Oftentimes mainstream media would have us believe that obstacle racing is a sport fraught with danger. I would counter with the most dangerous aspect of being an obstacle racer is not threat of injury, but the fact that we are awesome – awesome in our approach to life, in our quest to become stronger, faster, fitter, and in our accomplishments on the course. There are lot of things of which we can be proud and we often display that through social media – SOMETIMES TOO MUCH. One of the major criticisms of obstacle racers outside the OCR community (and sometimes within) is that there appears to be a “Look at me” epidemic.

We all know that euphoric feeling from conquering a dastardly obstacle, completing a particularly tough race, or turning in a great performance,and it is natural to share those feelings.  Those posts in moderation can hardly be faulted.  Self-respect and being proud of one’s personal progress and achievements are perfectly acceptable characteristics, unless they lead to a state of pridefulness. Unfortunately, the path to pridefulness is short, well-paved, and surrounded by cheers and affirmation from others. It’s an intriguing path that is easy to follow, even for people who generally approach life with a measure of humility. I have been down that path many times and it is a pleasant stroll… until you reach the end and discover the emptiness of personal vanity.

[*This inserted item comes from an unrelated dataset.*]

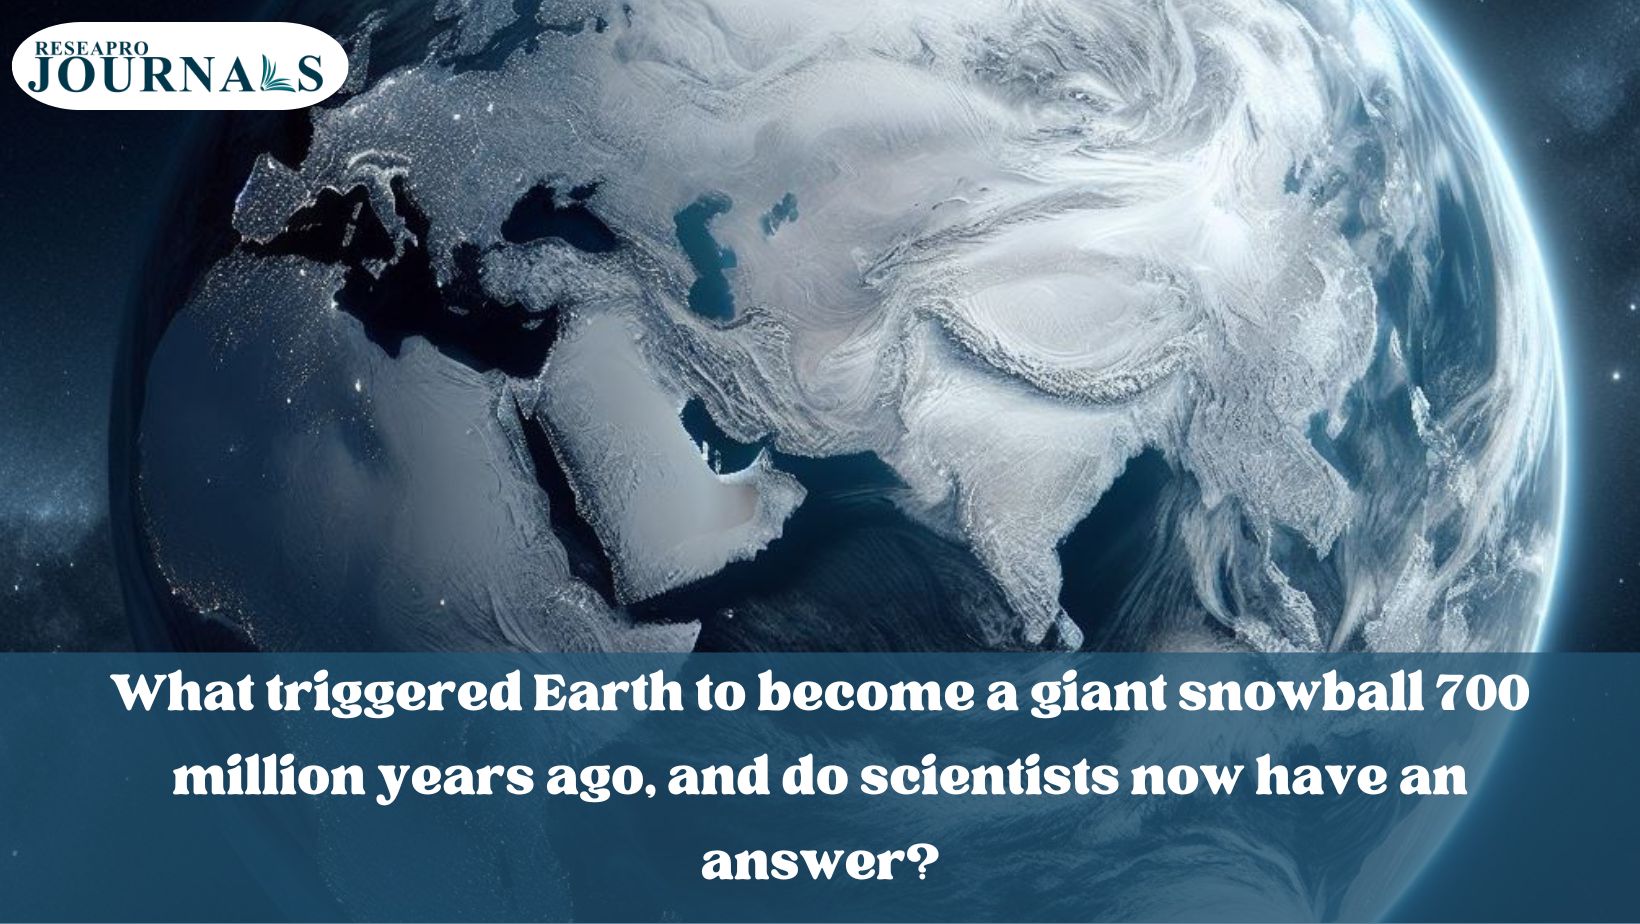 Snowball Earth: Volcanic carbon emissions decline, sparking 57-million-year ice age.

Have you ever heard someone say “I admire the fact that he is so prideful.”

prideI was recently introduced to the term “pride melting” and was immediately intrigued by the concept. It is a stripping away or elimination of self-importance and personal superiority. Pride melting only occurs when life focus turns away from oneself and is placed on others. Instances of “Look at me!” are replaced with “Yay for you!” and “How can I bring happiness to your life?” Pride melting is not equivalent to being humbled when you encounter an athlete better than you, experience failure on a course, or are rebuked by others. Those examples still involve a focus on oneself and can leave a bitter aftertaste. It is also not the same as false modesty, which is still inward-focused and merely an attempt to avoid appearing prideful. Pride melting is a much more satisfying act that doesn’t require failure or chastisement, but happens naturally when you consciously put others’ needs and feelings before your own. A prideful nature must be fed constantly with thoughts, and words, and actions that confirm one’s value. Those undergoing pride-melting are supplied with an endless cache of opportunity to serve others and savor an everlasting taste of fulfillment.

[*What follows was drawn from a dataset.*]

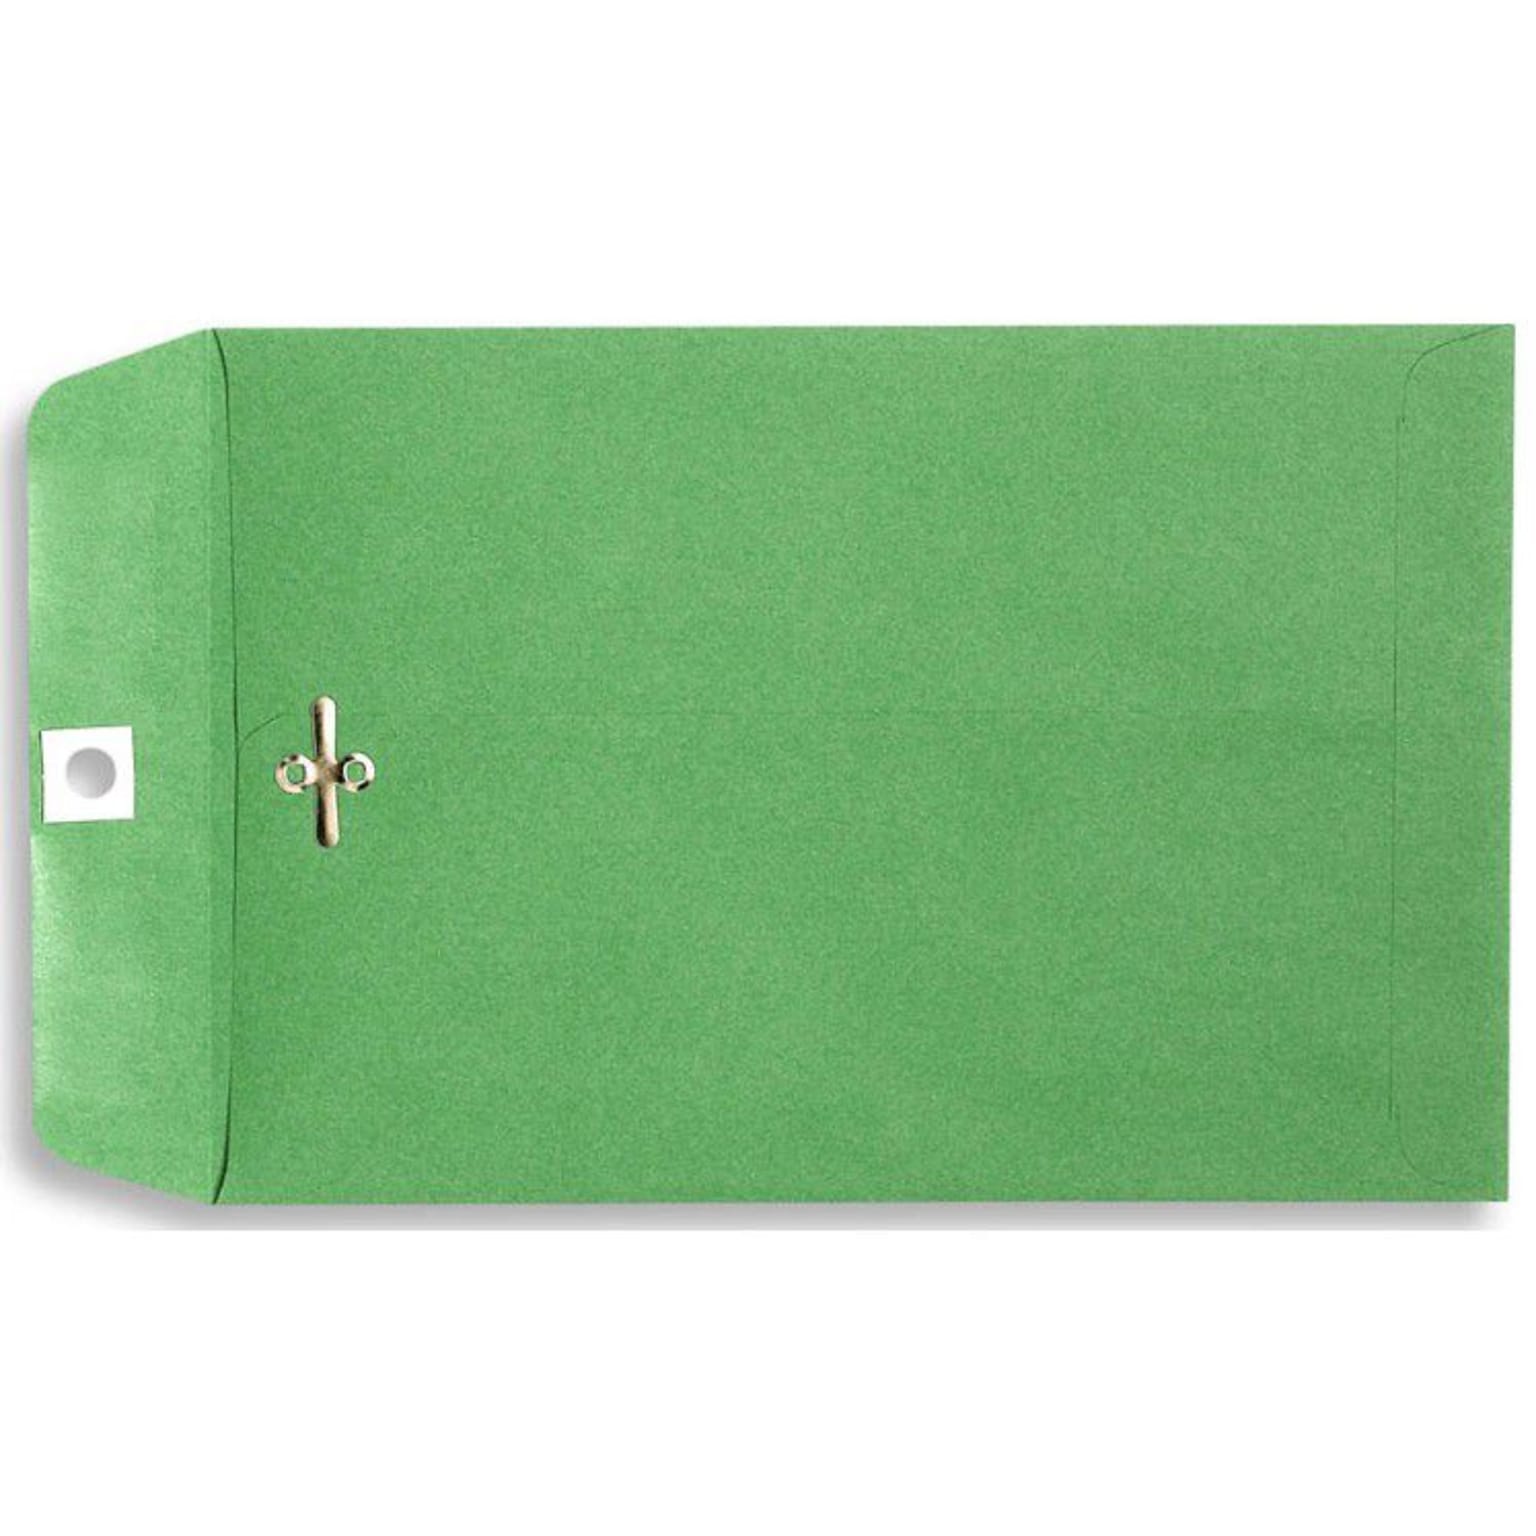 Lux® 9 x 12 Open End Clasp Envelopes; Bright Green, 100/Pk

Why do I write this? Because it is a lesson I continually need to learn. If I write it, I remember it. I continue to meet and watch OCR friends who are going through or who have already gone through a pride-melting process.  I think about the For Those Who Would OCR Humanitarian Award finalists – Zackary Nubs Paben, Matty Gregg, Rose Dey, & Jesse Bruce and see how they downplay themselves for the good of others. Those are the types of people I admire and respect. There are many others, too numerous to name, who through their acts of service continue to inspire me to live my own life that way. To all of them, I say “thank you.”

Who are the OCR people in your life who avoid pridefulness and live simply to bring joy to others?